As shown in Table 4 (all data sets) and Fig. 2, the classification accuracy on the unseen classes shows a significant improvement over the standard inductive ZSL, even with as few as 2 or 5 additional labelled examples per class. We also observe that the few-shot learning method outperform multiclass SVM which only relies on the labelled data from the unseen classes. This demonstrates the advantage of the knowledge transfer from the seen class data.

Fig. 2.
figure 2

(On AwA data): a comparison on classification accuracies of the few-shot learning variant of our model with multi-class SVM (training on labeled examples from seen classes) and the inductive ZSL

Table 5. Accuracies (%) in the generalized few-shot learning setting.

4.3 Generalized Few-Shot Learning (GFSL)

We finally perform an experiment on the more challenging generalized few-shot learning setting [6]. This setting assumes that test examples can come from seen as well as unseen classes. This setting is known to be notoriously hard [6]. In this setting, although the ZSL models tend to do well on predicting test examples from seen classes, the performance on correctly predicting the unseen class example is poor [6] since the trained models are heavily biased towards predicting the seen classes.

One way to mitigate this issue could be to use some labelled examples from the unseen classes (akin to what is done in few-shot learning). We, therefore, perform a similar experiment as in Sect. 4.2. In Table 5, we show the results of our model on classifying the unseen class test examples in this setting.

As shown in Table 5, our model’s accuracies on the generalized FSL task improve as it gets to see labelled examples from unseen classes. However, it is still outperformed by a standard multiclass SVM. The better performance of SVM can be attributed to the fact that it is not biased towards the seen classes since the classifier for each class (seen/unseen) is learned independently.
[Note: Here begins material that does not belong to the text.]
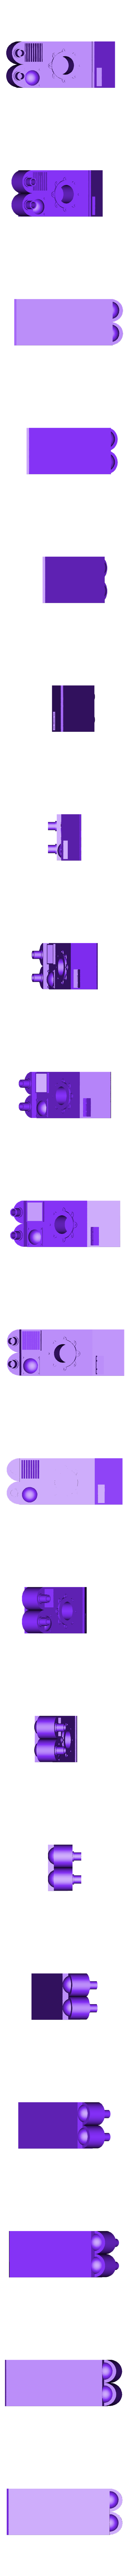 "Ork_Tank_hull.stl Télécharger fichier STL gratuit Ork / Orc Tank ""Bone Breaker"" 28mm wargames véhicule • Plan pour impression 3D, redstarkits"

Our findings are also corroborated by other recent work on generalized FSL [6] and suggest the need of finding more robust ways to handle this setting. We leave this direction of investigation as a possible future work.

5 Conclusion

We have presented a flexible generative framework for zero-shot learning, which is based on modelling each seen/unseen class using an exponential family class-conditional distribution. In contrast to the semantic embedding based methods for zero-shot learning which model each class as a point in a latent space, our approach models each class as a distribution, where the parameters of each class-conditional distribution are functions of the respective class-attribute vectors. Our generative framework allows learning these functions easily using seen class training data (and optionally leveraging additional unlabeled data from seen/unseen classes).
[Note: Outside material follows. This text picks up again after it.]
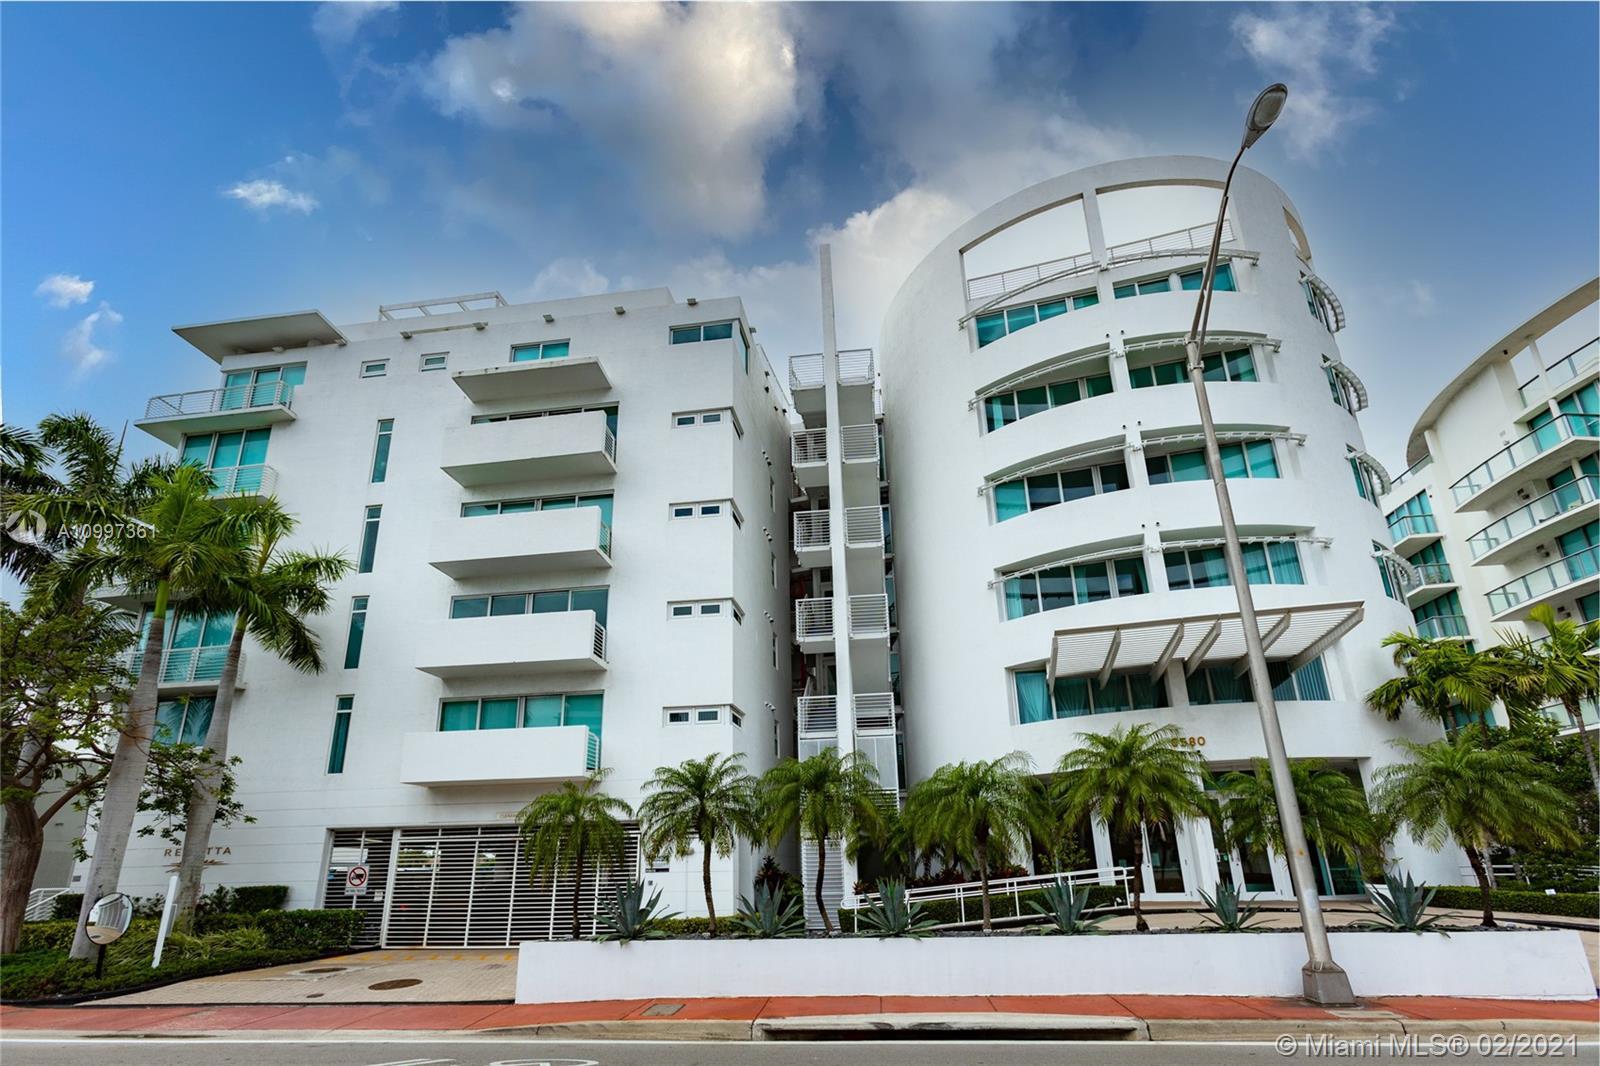 Regatta #303 - 6580 Indian Creek Dr #303, Miami Beach, FL 33141

An especially appealing aspect of our framework is its simplicity and modular architecture (cf., Fig. 1) which allows using a variety of algorithms for each of its building blocks. As we showed, our generative framework admits natural extensions to other related problems, such as transductive zero-shot learning and few-shot learning. It is particularly easy to implement and scale to a large number of classes, using advances in large-scale regression. Our generative framework can also be extended to jointly learn the class attributes from an external source of data (e.g., by learning an additional embedding model with our original model). This can be an interesting direction of future work. Finally, although we considered a point estimation of the parameters of class-conditional distributions, it is also possible to take a fully Bayesian approach for learning these distributions. We leave this possibility as a direction for future work.